Thomas: It often depends on the size of the company. Some businesses have been around for close to a decade and aren’t prepared to go public, so M&A is the likelier option. A few are positioned for loss. Many of our smaller companies with the option of going public realize how onerous that shift can be (e.g. undergoing audits and the additional scrutiny of their financials). Those may opt to remain private. Some enterprises will always have an exit on their mind, which is usually the case for the Bay Area based companies with which we work, especially since they typically raise plenty of VC.
Are there other topics you’d like to address, or any responses you’d wish to expand upon?
Thomas: For those companies that can sustain themselves for longer periods of time without financing, there can be significantly less stress, and they can focus on their core business. After all, raising large rounds is complex and has tradeoffs. At what rights and preferences are you going to take on equity, and how will that dilute your current shareholders? If the funding can’t come through at the valuation you want, what is your response going to be? When you’re public, you have ups and downs and your performance is all over the place, but for private companies, they have not yet had that counterpart, public market experience. There are competing interests in and for any company, and you must have a solid plan in place to justify significant fundraises, as well as obtain them in the end.
Stan: Successful companies and investors understand that firms are really backing management, particularly at the early stage.

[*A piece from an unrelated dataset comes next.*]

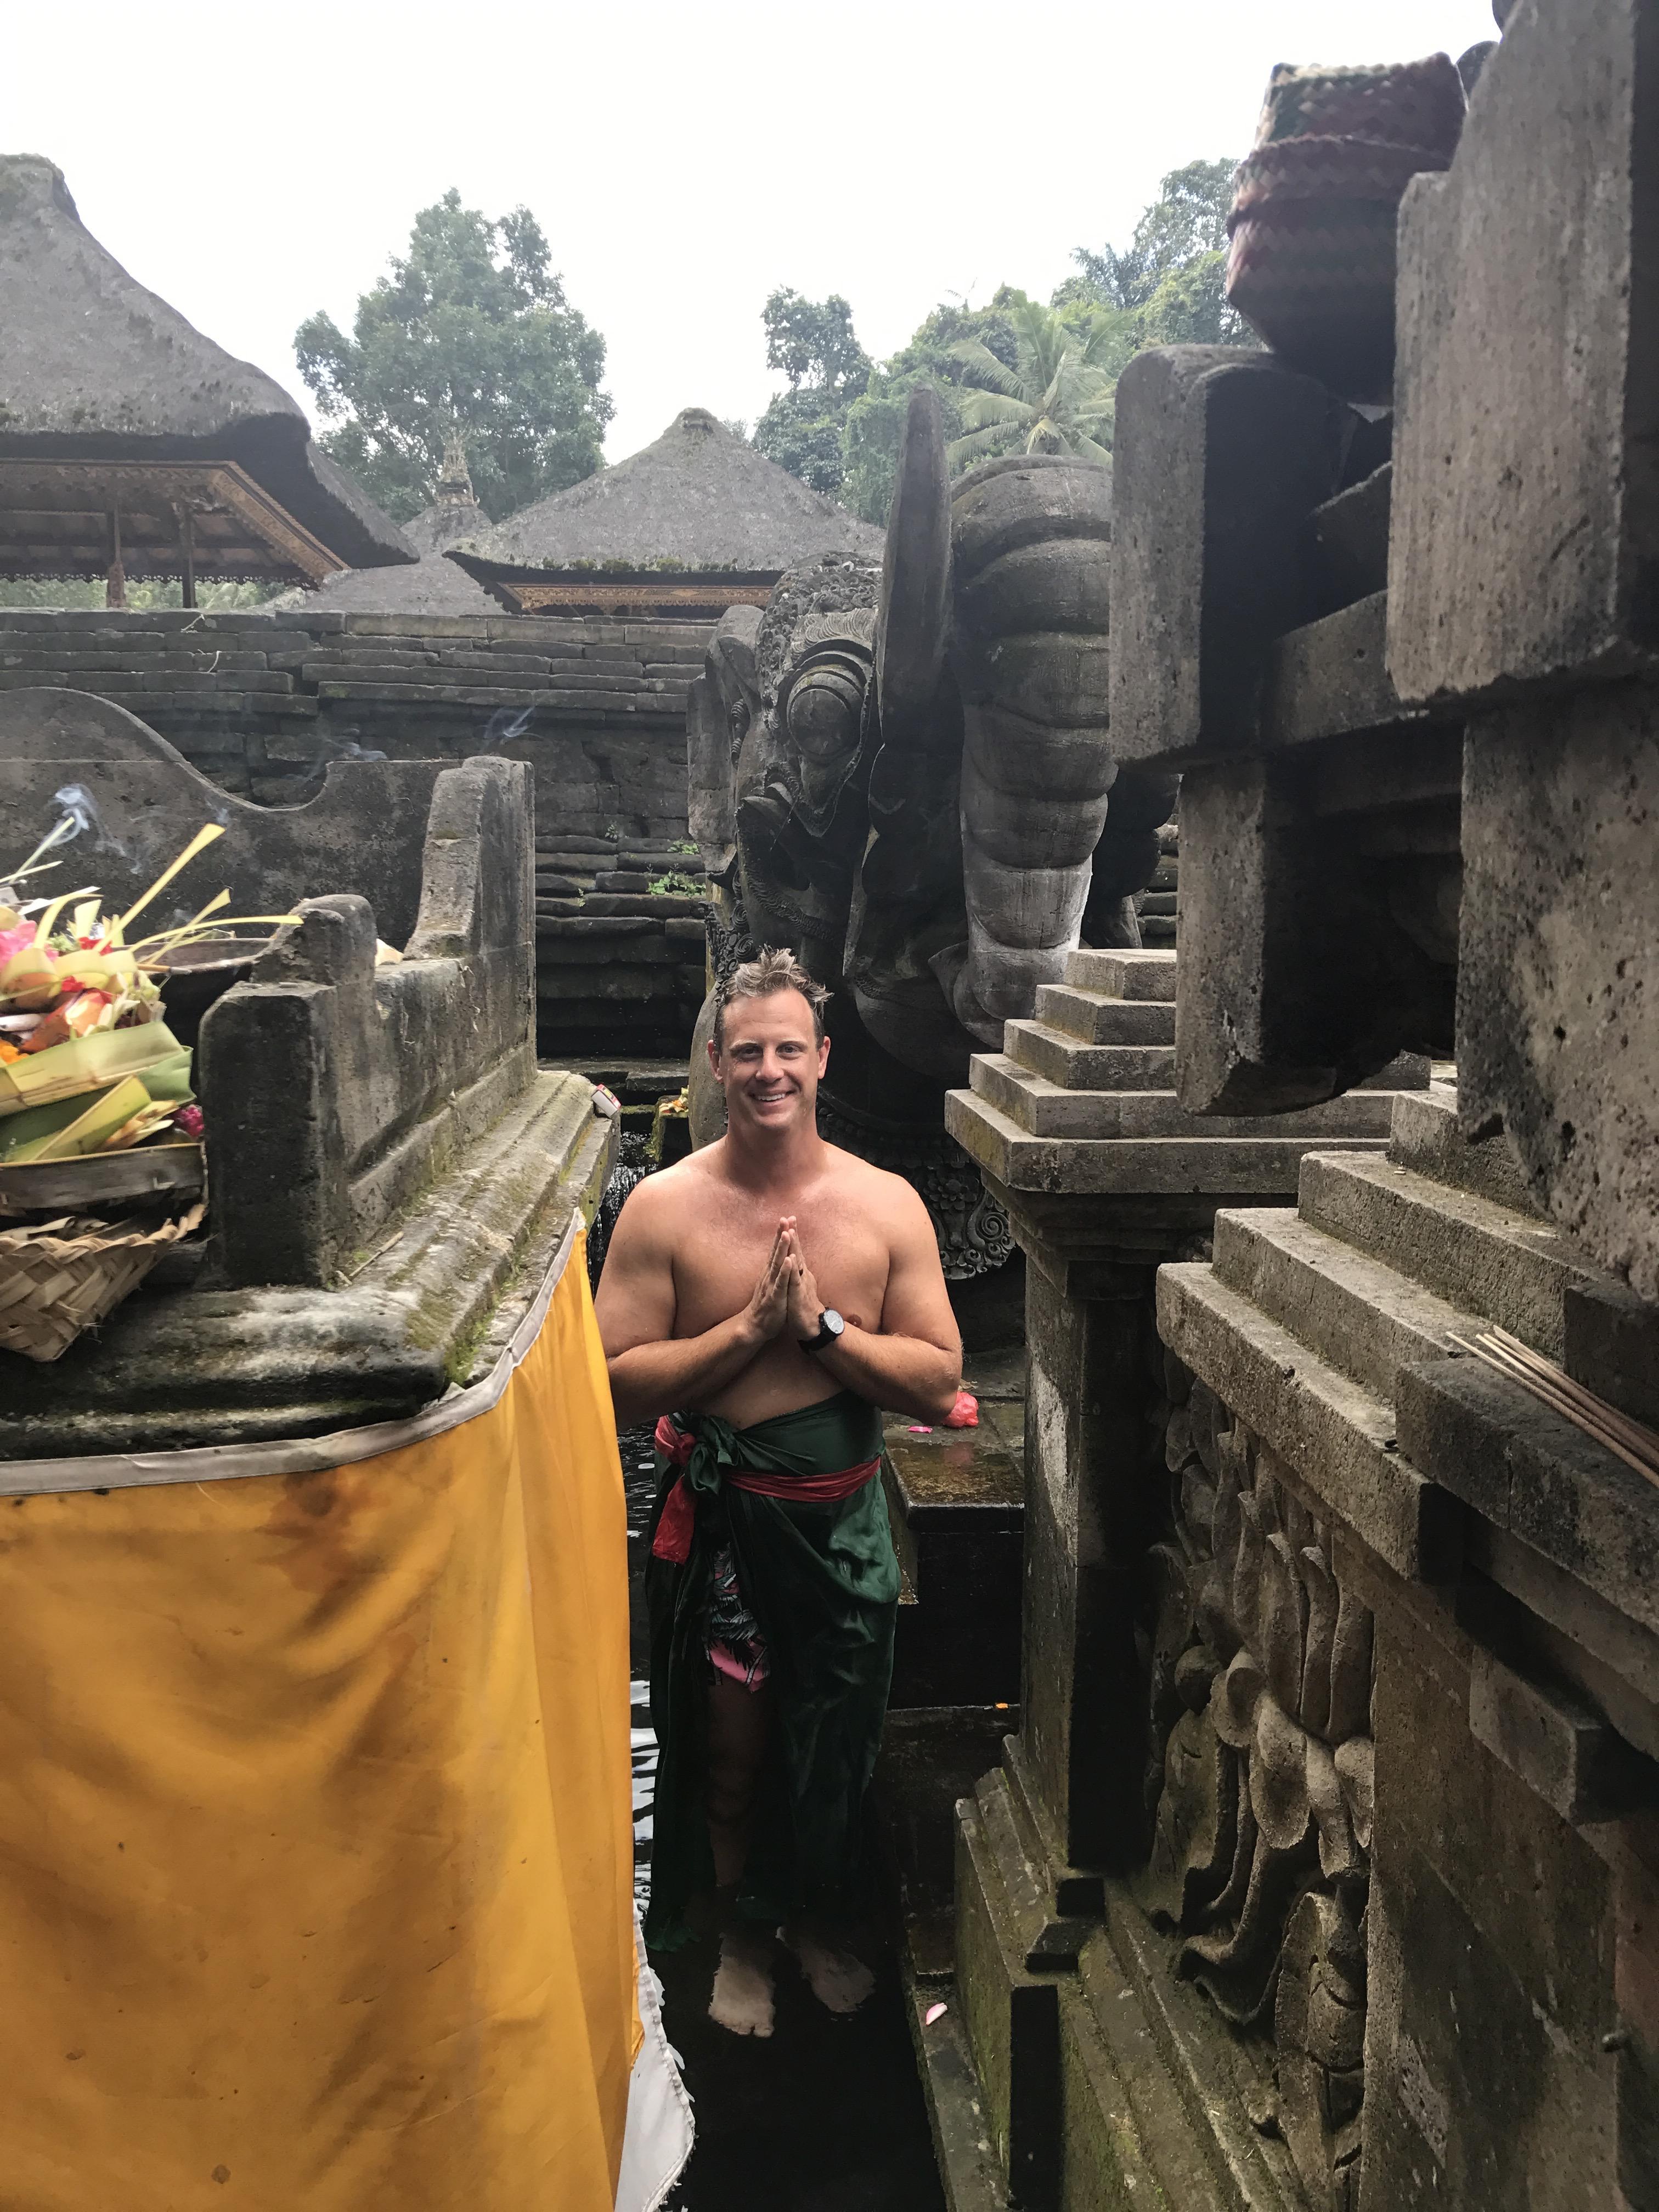 Tirta Empul Temple - Ubud, Bali, Indonesia - Our Bali Trip - Communikait
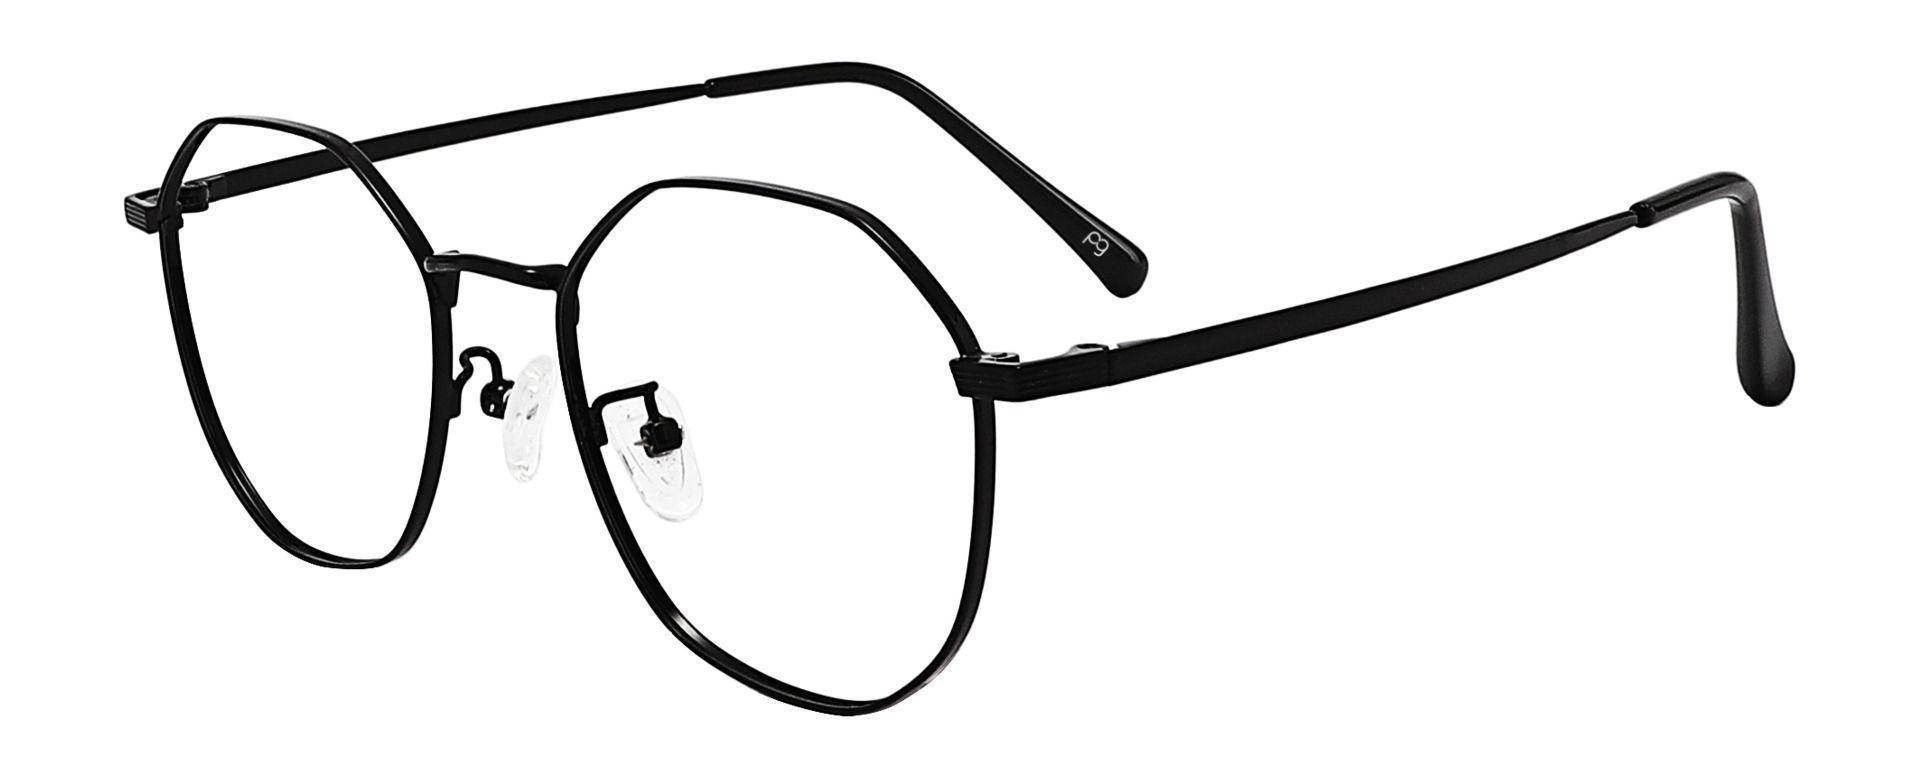 Cobb Geometric Prescription Glasses - Black

Management teams need to be coachable and able to react and pivot. At the growth stage, you’re investing in the management team’s ability to articulate and execute a growth plan. You need to be able to answer not only all the questions your existing investors may have, but also what questions new investors coming into a round may have of both the management team and extant investors. New VC firms should also look for these signs, as they are hallmarks of quality management teams.